И они, не разговаривая, даже не глядя друг на друга, отошли к тротуару на другой стороне улицы. Дэдэ молча шел за Робером. Изредка его взгляд обращался к Кэрелю, правая рука которого была в крови.


В присутствии Ноно Робер вновь чувствовал себя настоящим мужчиной, чего в присутствии Кэреля ему почувствовать не удавалось. Не то чтобы он становился внутренне или внешне похож на педика, но рядом с Кэрелем, которого он уже не считал нормальным, любящим женщин мужчиной, он невольно погружался в смутную тревожную атмосферу, всегда окружающую мужчин, испытывающих гомосексуальное влечение. Они существуют в своей особой вселенной (со своими законами и тайными, невидимыми отношениями), откуда мысли о женщине изгнаны навсегда. В момент наслаждения оба самца испытывают друг к другу нечто вроде нежности (особенно хозяин), но нежность — не совсем точное слово, лучше было бы сказать: нечто вроде смеси признательности к доставившему тебе удовольствие телу, всепоглощающего успокоения после пережитого наслаждения, физической усталости, почти отвращения, захлестывающего вас и приносящего облегчение, опрокидывающего и поднимающего над землей, и, наконец, грусти и этой легкой, промелькнувшей, как слабая вспышка, нежности, неизменно оказывающий незаметное воздействие на обычное физическое влечение между мужчиной и женщиной или просто между двумя живыми существами, из которых одно женского пола, а отсутствие в этой вселенной женщины делает обоих самцов самих немного женственнее. Присутствие женщины совсем не обязательно, это перевоплощение лучше удается не более слабому и молодому или более чуткому, но более изощренному, который часто бывает и сильнее, и старше. Двух мужчин объединяет некий тайный сговор, предполагающий отсутствие женщины, отчего женщина как бы невольно связывает их своим отсутствием. Именно поэтому они абсолютно не нуждаются в том, чтобы притворяться или казаться чем-то иным, чем они являются на самом деле: два мужественных самца могут ревновать или ненавидеть друг друга, но любить друг друга им совсем не обязательно. Сам того не желая, Ноно все рассказал Роберу. Теперь он больше не испытывал такой ярости, когда вспоминал разговор двух братьев:

— А ты неплохо устроился.

— Ну, это не так уж и приятно.

Очевидно, признание явилось следствием стыда, который мучил его с того знаменательногог вечера. Никогда Ноно не пытался избавиться от Робера. Никогда Робер, зная правила игры, не просил у него прислать хозяйку. Впрочем, даже когда он приходил в бордель в качестве клиента, он лишь тогда замечал Мадам Лизиану, когда та сама его выбирала. Отметив про себя, что Робер никак не отреагировал на то, что его брат спит с ним, Ноно почувствовал глубокое облегчение. В душе он желал, чтобы Робер больше привязался к нему, признав его за своего зятя. Два дня спустя он признался ему во всем. Начал он издалека.

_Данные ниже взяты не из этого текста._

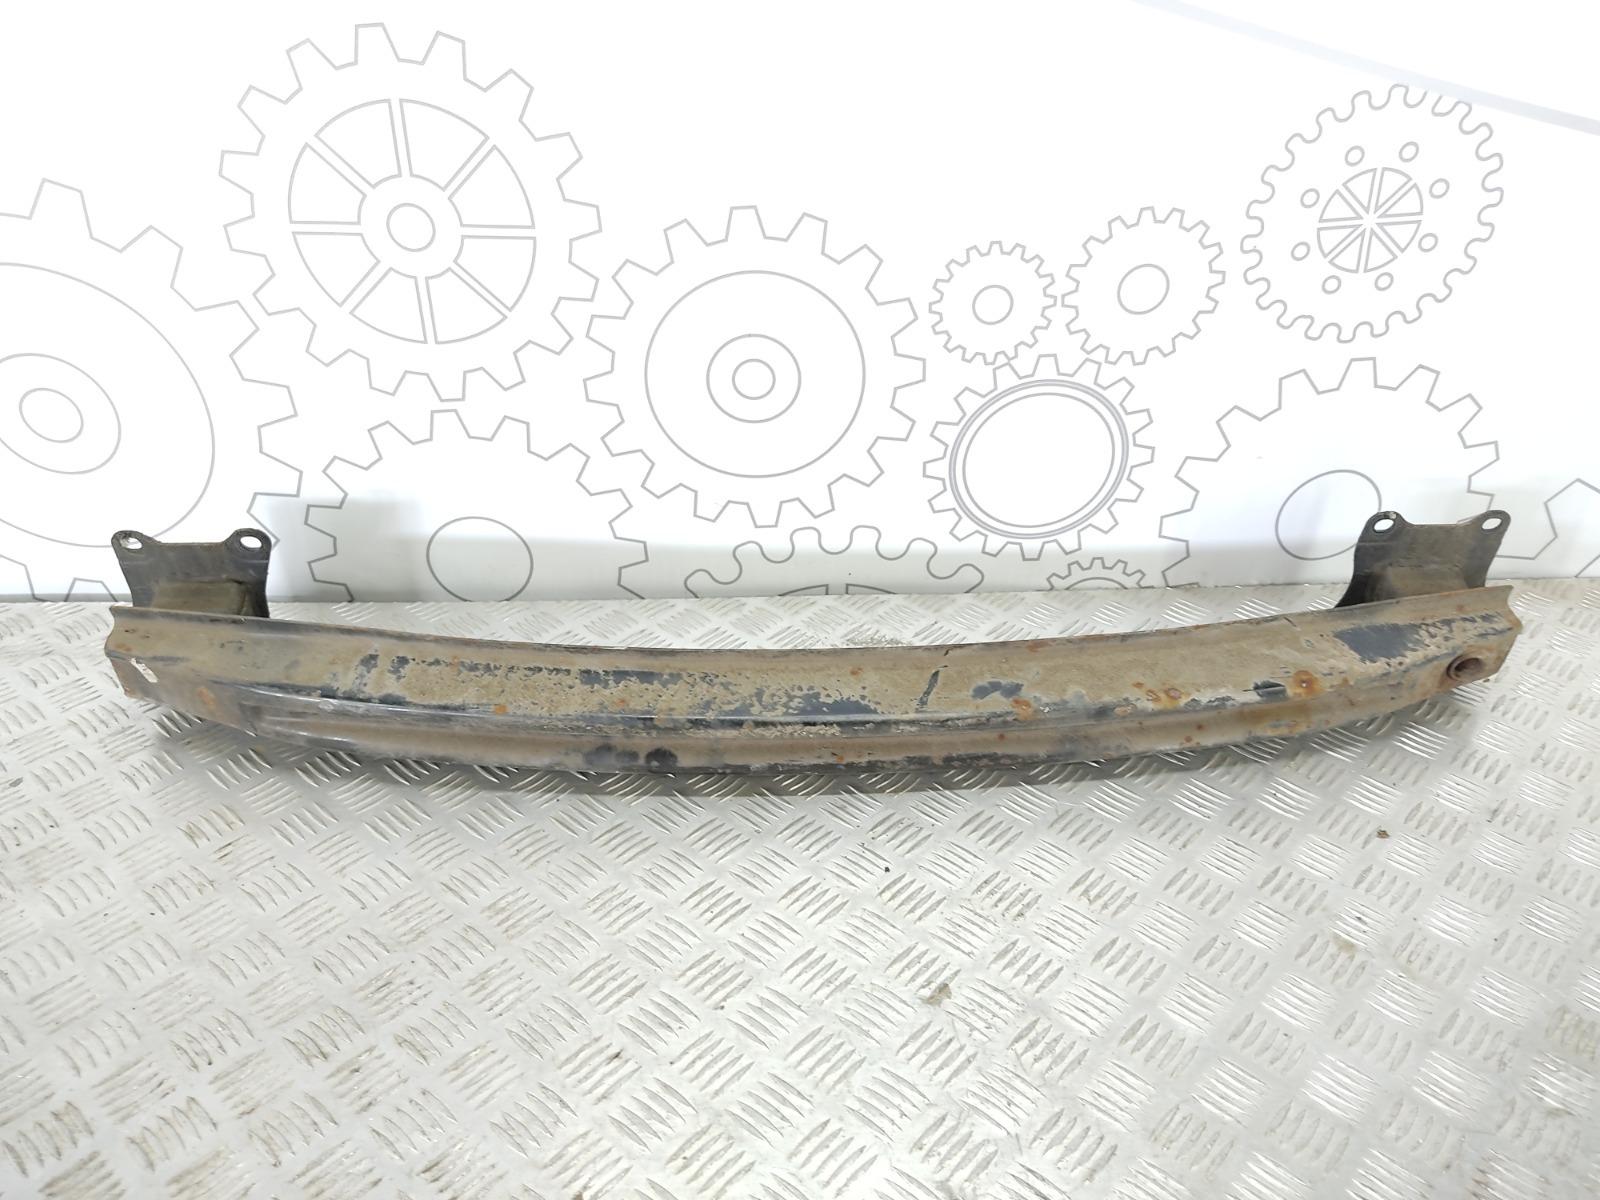 Усилитель бампера заднего Seat Altea 1.9 TDI 2008 (б/у)

— Я считаю, что я выиграл. Твой брат оказался достаточно уступчив.

— Не может быть.

— Честное слово. Только не говори об этом ему.

— Мне все равно. Но ты ведь не хочешь сказать, что тебе удалось его трахнуть?

Ноно хихикнул, вид у него был довольно смущенный и в то же время победоносный.

— Кроме шуток, тебе удалось? Знаешь, это удивительно.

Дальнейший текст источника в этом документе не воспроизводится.